Does that make sense?

[antondomratchev]

I am not sure that the implementation you are looking for is implied in the illegal state. You are forcing the illegal state by making the type ambiguous. The model will enforce that the type will not be ambiguous by making it highly structured. With a union you are confusing the type system by saying it can either be a string or an instance of a model, this can also confuse a developer that is not familiar with your thinking. Here is an example of how you can present a finite state using MST https://mobx-state-tree.js.org/intro/philosophy.

[davidatsurge]

I wasn't sure what you meant by much of that. I figured out a way that "makes illegal states unrepresentable" in a way that MST+typescript don't break, and posted that answer here.

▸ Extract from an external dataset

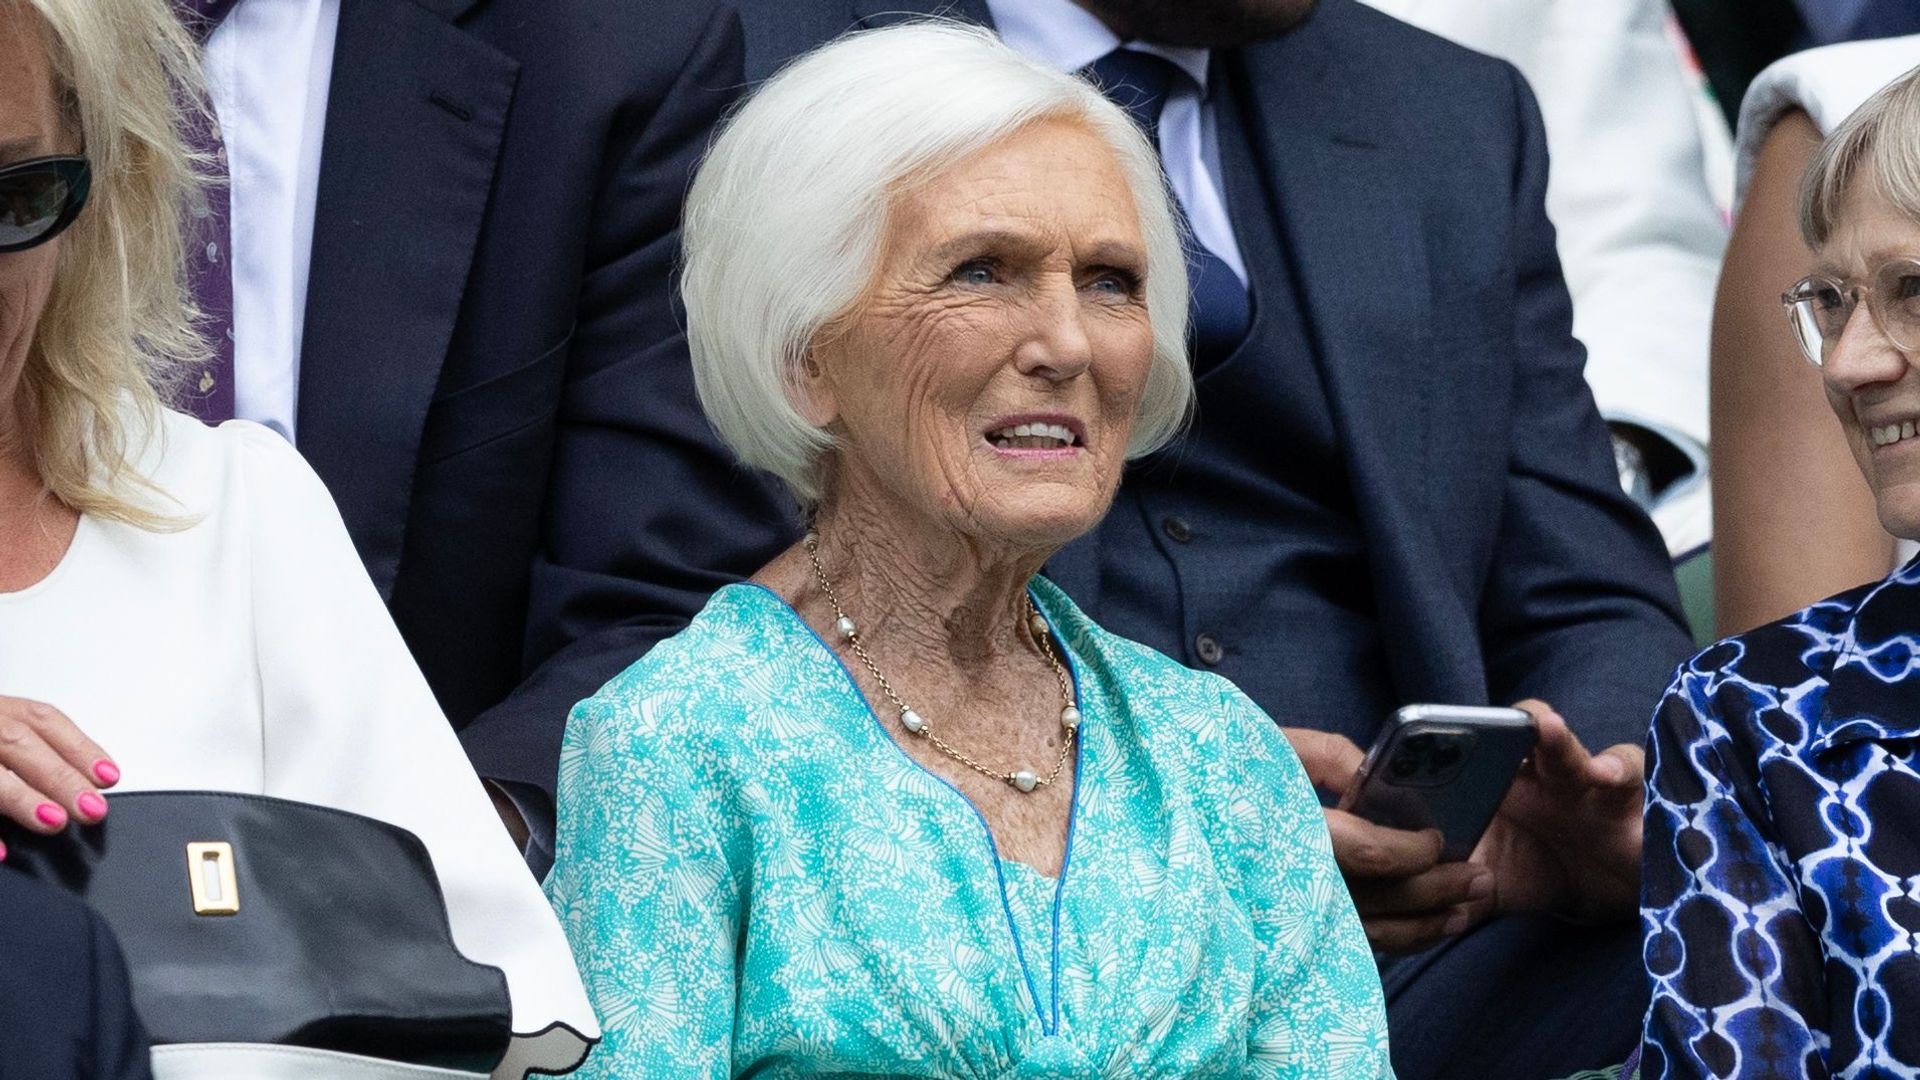 Mary Berry in a turquoise dress at Wimbledon

I'm not sure if that's what you were trying to communicate to me the whole time. In any case, thank you very much for your precious time!!

[davidatsurge]

So, it turns out the following works (ie, doesn't trip up typescript), and it fulfills my desire to "make illegal states unrepresentable", and it follows the more standard pattern of "tagged unions" anyways:

const Bed = types.model({}).actions((self) => ({
  addBlankets() {
    // adding blankets
  },
}));

const Room = types
  .model({
    bed: types.union(
      types.model({status: types.literal("loading")}),
      types.model({status: types.literal("loaded"), item: Bed})
    )
  })
  .actions((self) => ({
    addBlanketsOnBed() {
      if (self.bed.status != "loading") {
        self.bed.item.addBlankets();
      }
    },
  }));